TO DO — Begin your copy at the line holding "bridal photo shoot" and end it at the last line of the listing. Keep every line exact and leave out the pictures.

DATASET CONTENT —
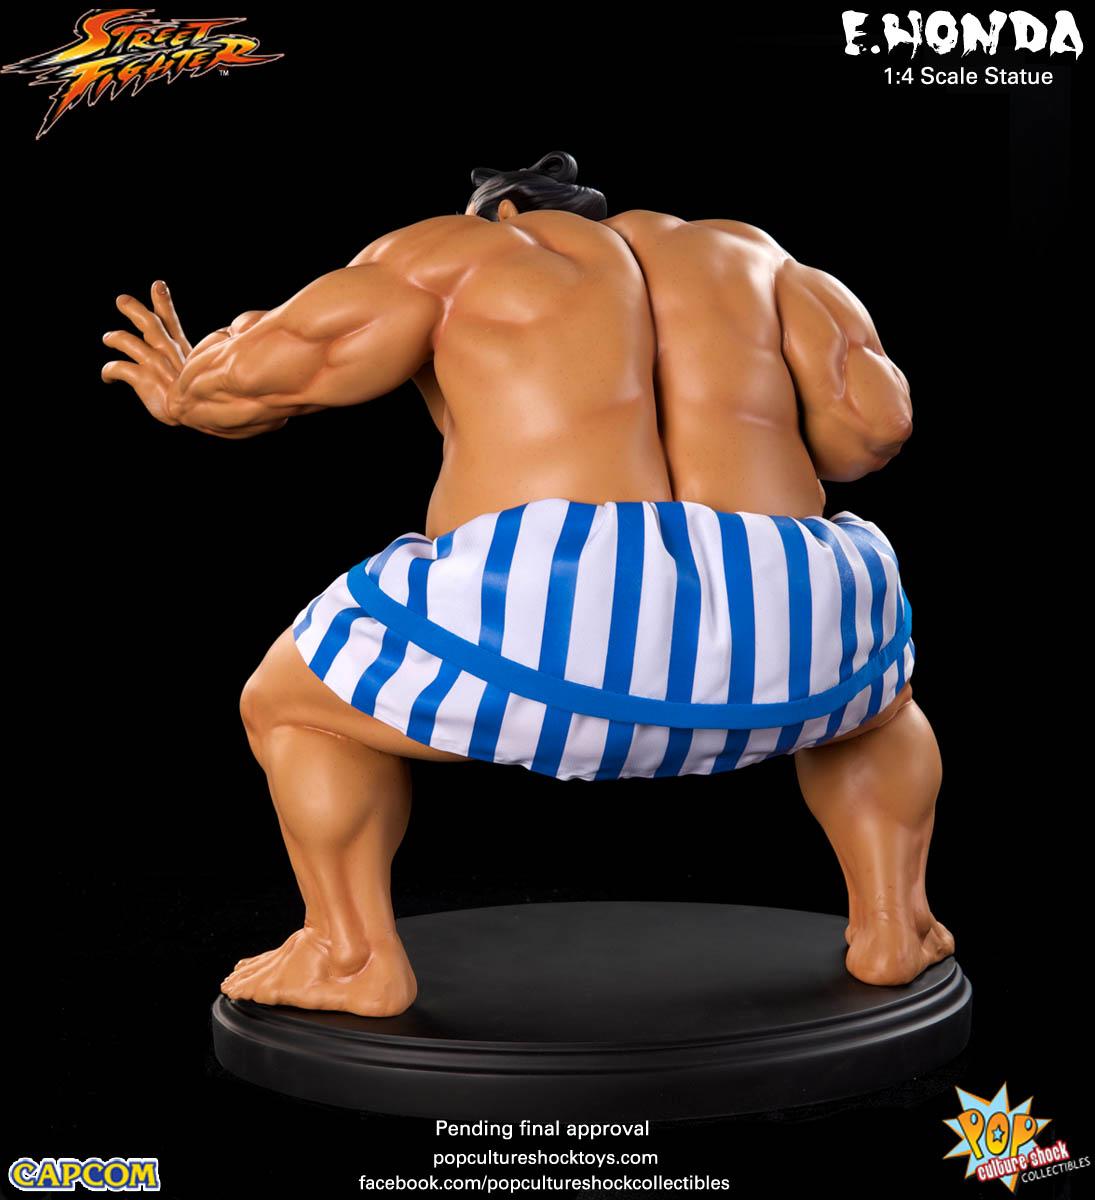 [Pop Culture Shock] Street Fighter: E. Honda 1/4 Statue - Página 3 Street-Fighter-E.-Honda-Regular-Statue-006
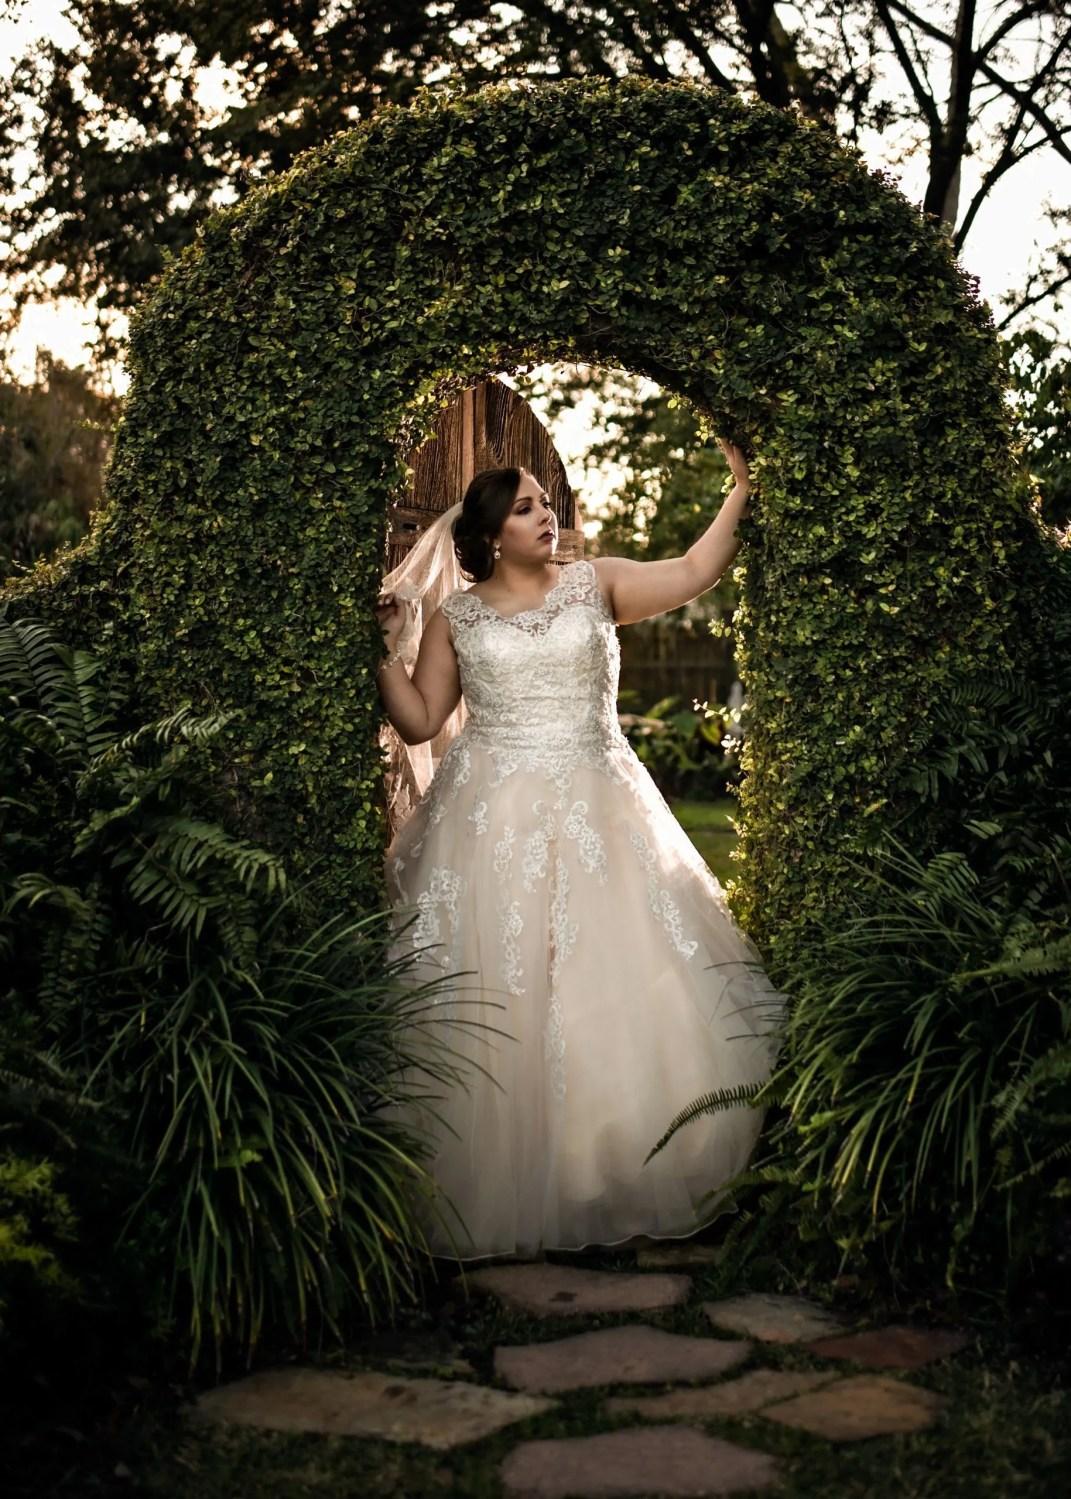 bridal photo shoot in archway at secret garden in sulphur louisiana
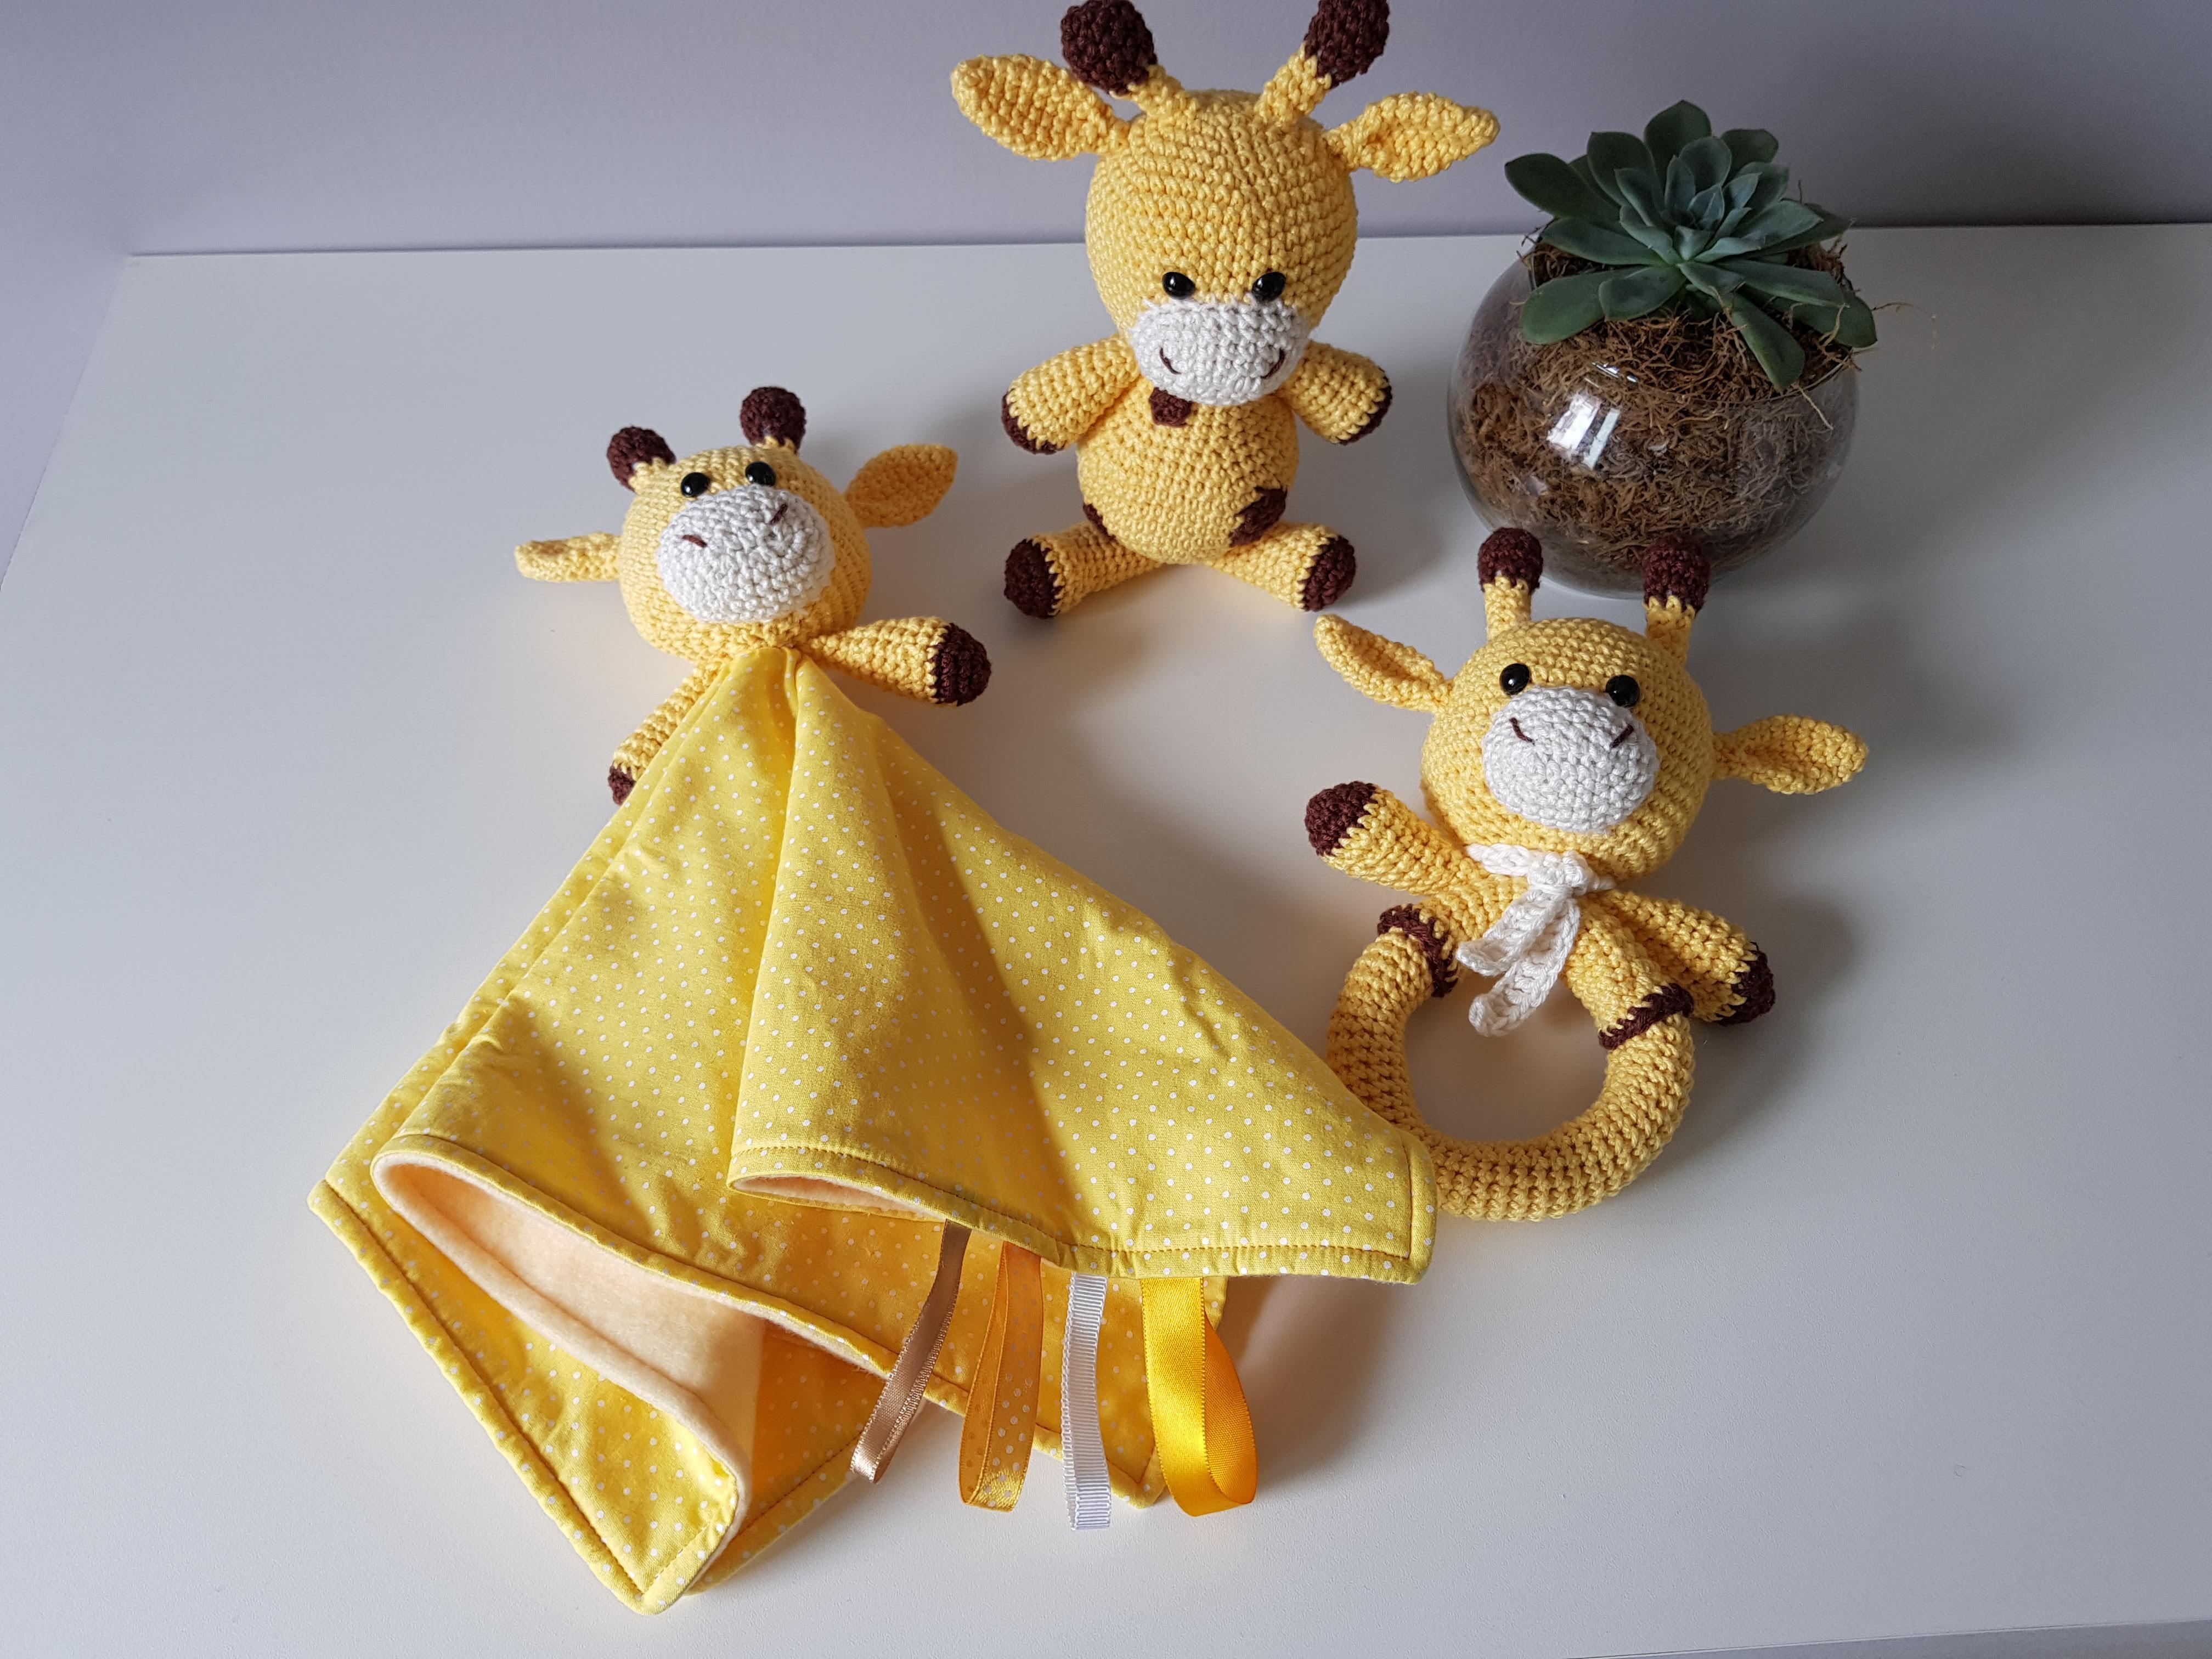 Hearty Giraffe amigurumi pattern - Amigurumi Today | 3024x4032

WRITTEN SOLUTION —
 bridal photo shoot in archway at secret garden in sulphur louisiana
 Hearty Giraffe amigurumi pattern - Amigurumi Today | 3024x4032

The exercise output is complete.